All India Rank (2023) Movie Review: As our protagonist, seventeen-year-old Vivek Singh (Bodhisattva Sharma), plugged his headphones into his Walkman aboard the Avadh Express from Lucknow to Kota, and the cassette tape played the extremely catchy, eighties disco-era reminiscent melody of the song ‘Noodle Sa Dil’ in the vocals of Aditi Paul, the real and tangible world around Vivek disappeared to give way to animated titles.

Right at the outset, director Varun Grover – in his debut feature film All India Rank – sets out the rules of his visual grammar and how it will operate on screen. In his world, the real and surreal are fluid counterparts complementing each other. The inner, expansive, and imaginative world that Vivek inhabits in his mind is as much part of the actual world as the real world is part of Vivek’s imagination. There are no defined boundaries where the real ends, the surreal begins, and vice versa.

The seamless blending of the real and the surreal, coupled with the film being a nostalgic time capsule of an era gone by – the film is essentially a coming-of-age narrative set in the growing, post-liberalised India of the nineties, a time which seems like a distant memory now – reminded me of Michel Gondry’s 2008 comedy, Be Kind Rewind. Gondry, with his ability to traverse between fact and fiction, the conscious and the subconscious in his films, is a reference point for Grover in his debut feature.

More particularly, Be Kind Rewind follows two friends at a VHS rental store as they attempt to recreate films that have been forever erased and, in the process, find joy and meaning in their own creations. Similarly, All India Rank’s glance back at the era that won’t return becomes a catalyst for some bittersweet lessons to remember for Vivek, as well as post-liberal India as a whole.

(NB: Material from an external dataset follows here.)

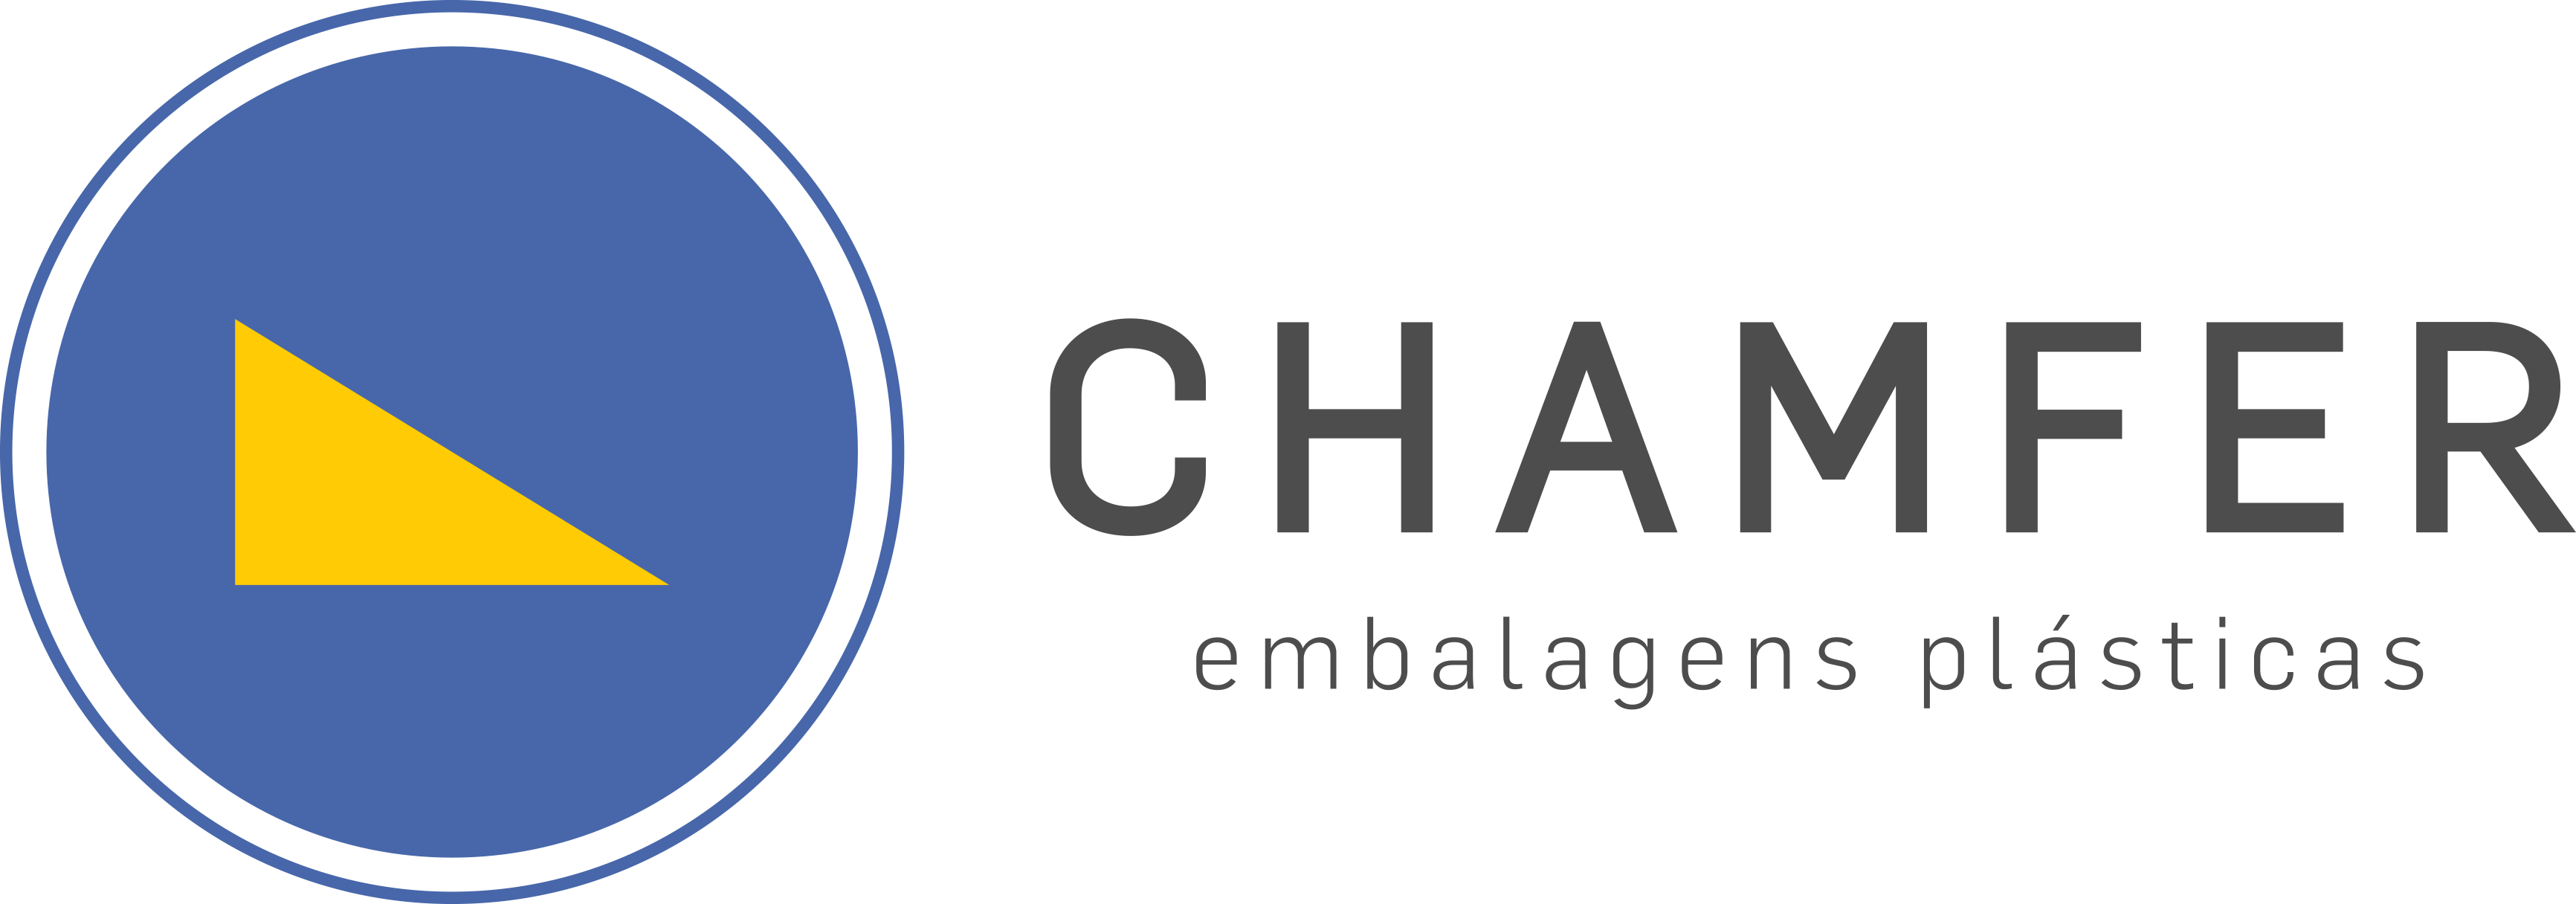 Na imagem logomarca Chamfer

A semi-autobiographical film – Grover himself is an IIT-BHU alumni – All India Rank charts Vivek’s journey as he’s shipped away from his hometown Lucknow and his extremely protected middle-class upbringing to Kota – the city that’s become synonymous with preparing thousands of young and impressionable minds for IITs through coaching classes and institutes. Even though similar in subject matter to projects from the TVF stable that have explored the lives of students whose existence revolve around coaching classes, whether it is the UPSC exams (Aspirants) or IIT (Kota Factory), Grover’s treatment, tone, and what he wants his audience to take away from his film is what makes All India Rank stand out.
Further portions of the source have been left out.